New Law Offers Millions Access to Clinical Trials
- Until now, state Medicaid was not required to cover the routine care costs that went along with clinical trials.
- As part of the FY 2021 Federal budget and the COVID-19 stimulus package, state Medicaid must cover routine care costs of clinical trials.
- The new law could help address longstanding inequalities in health care access.
Clinical trials are sometimes the best (and many times the only) treatment option for people with advanced cancers. But, for some 42 million people, clinical trials have been out of reach. That changed late last month when federal lawmakers passed the Clinical Treatment Act as a part of the 2021 federal budget and the COVID-19 stimulus package.
“The passage of the Clinical Treatment Act is a major victory for millions of patients with Medicaid coverage,” Monica M. Bertagnolli, MD, tells SurvivorNet.
Dr. Stephanie Gaillard explains how a clinical trial could improve your prognosis.
The bill requires, for the first time, that state Medicaid cover the routine costs of clinical trial participation for its beneficiaries. Until now, Medicaid was the only major payer that did not cover these costs and, as a result, only 12 state Medicaid programs did so voluntarily. The other 38 states, home to more than 42 million Medicaid beneficiaries, did not cover these expenses.

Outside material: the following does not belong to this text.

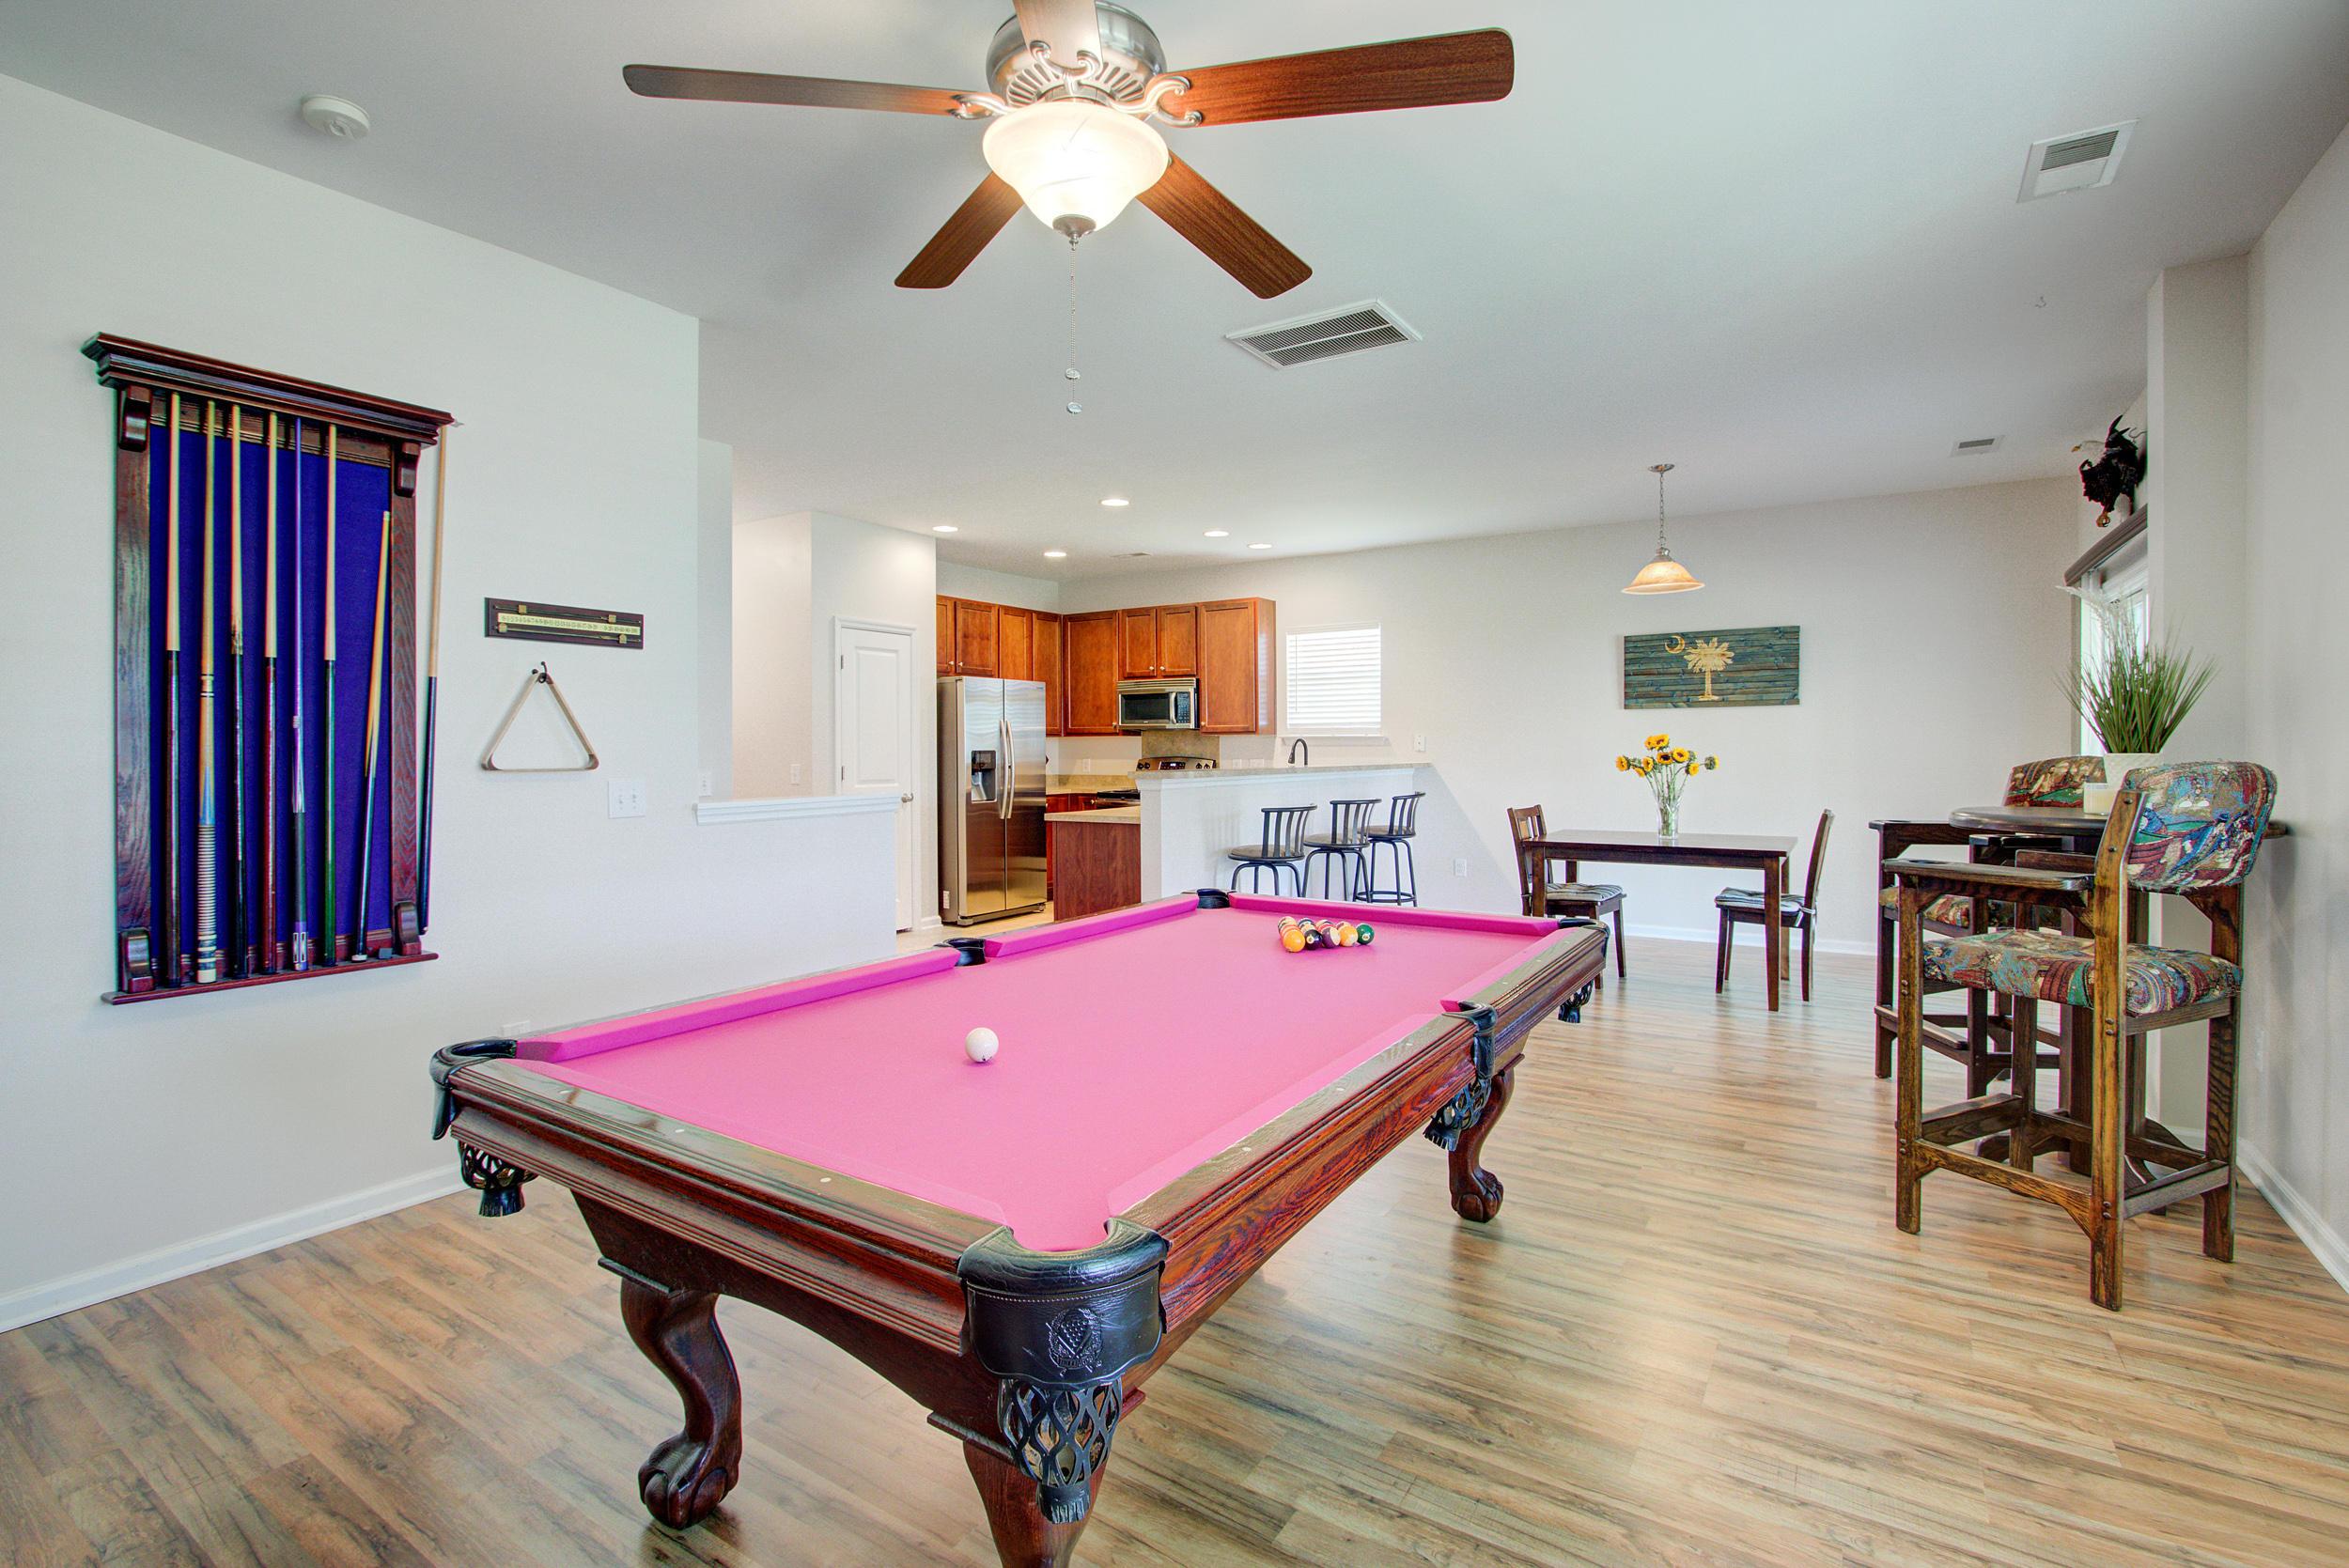 Oakley Pointe Homes For Sale - 576 English Oak, Moncks Corner, SC - 53

Related: Minorities are Missing Out on Life-Saving Cancer Care & Clinical Trials: 4 Changes Needed to Help Fix This Problem
“The passage of the Clinical Treatment Act is a major victory for millions of patients with Medicaid coverage,” Monica M. Bertagnolli, MD, tells SurvivorNet. “By expanding access to clinical trials for Medicaid beneficiaries, patients with life-threatening conditions will have access to the latest technological and scientific advances that often provide the best – and sometimes only – option to treat their disease.” Bertagnolli is Board Chair of the Association for Clinical Oncology, an affiliate of the American Society of Clinical Oncology.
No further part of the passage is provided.